▶ [DATA SECTION]:
****************************************
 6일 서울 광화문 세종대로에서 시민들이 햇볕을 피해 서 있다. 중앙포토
****************************************
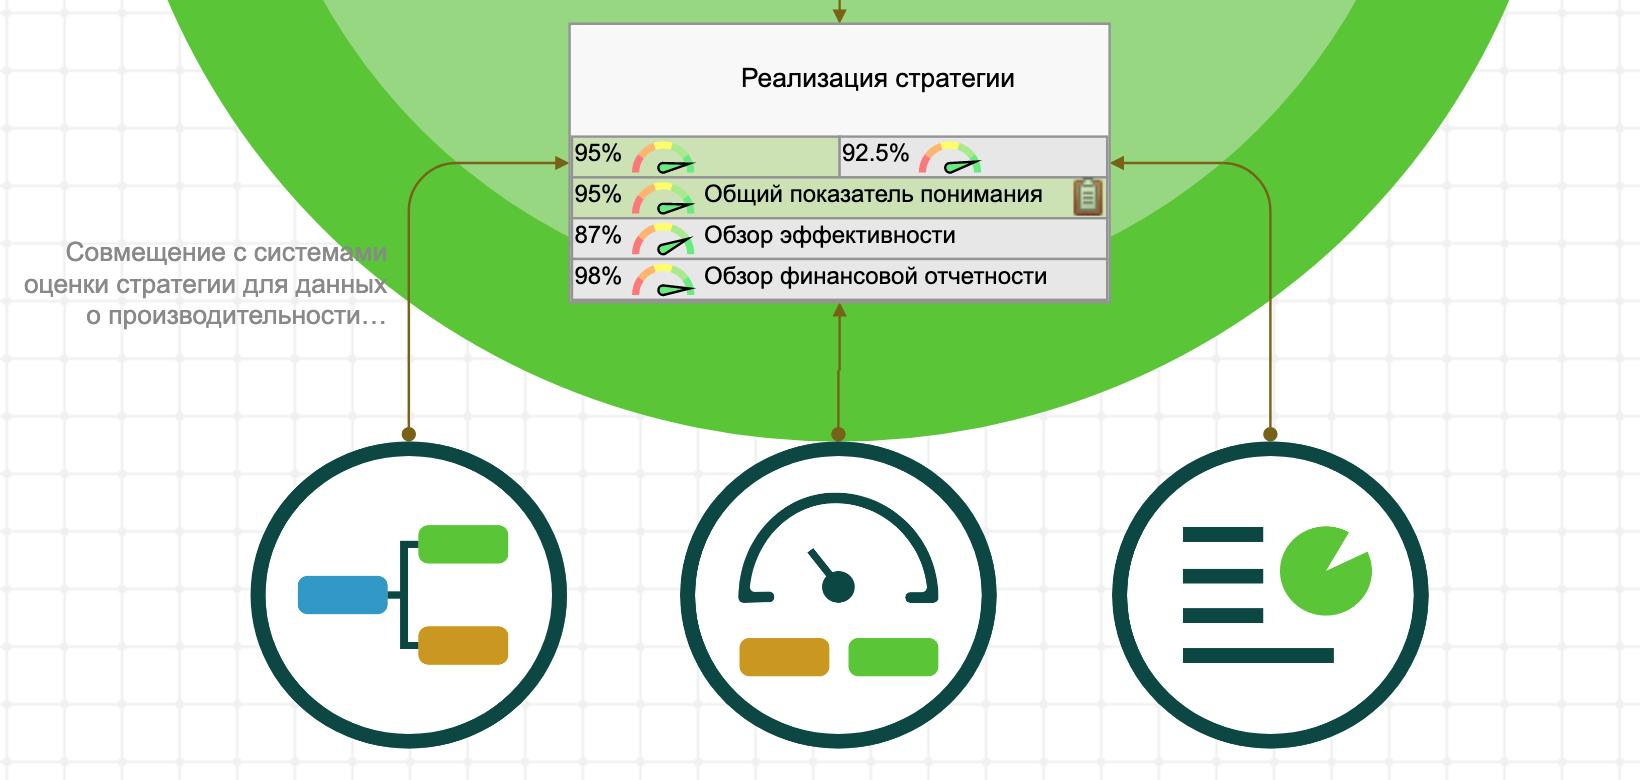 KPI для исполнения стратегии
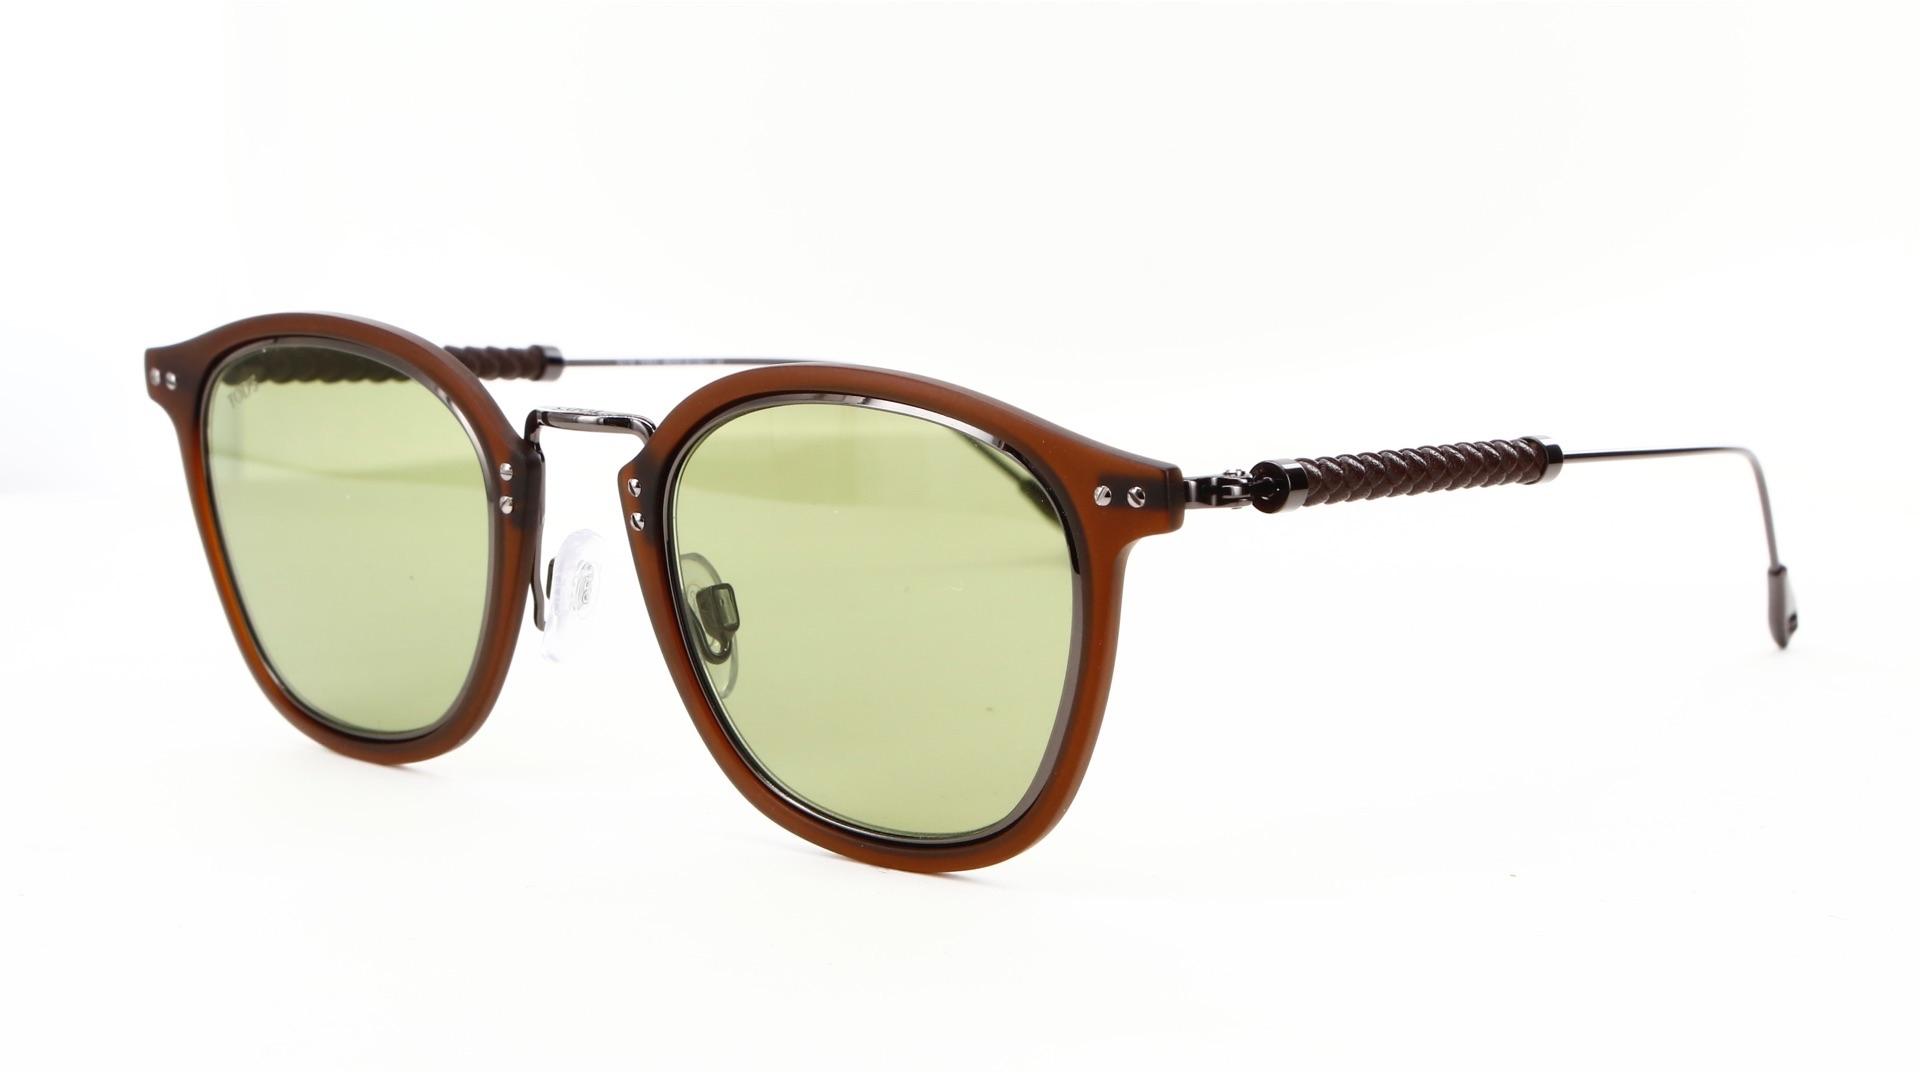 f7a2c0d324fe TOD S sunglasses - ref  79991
****************************************
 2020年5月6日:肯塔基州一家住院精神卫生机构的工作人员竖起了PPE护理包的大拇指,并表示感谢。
****************************************
▶ [YOUR ASSIGNMENT]:
Copy the listing above exactly, but only from the line with "KPI для исполнения стратегии" through the line with "f7a2c0d324fe TOD S", including those two lines and excluding any picture.

▶ [RESPONSE AREA]:
 KPI для исполнения стратегии
 f7a2c0d324fe TOD S sunglasses - ref  79991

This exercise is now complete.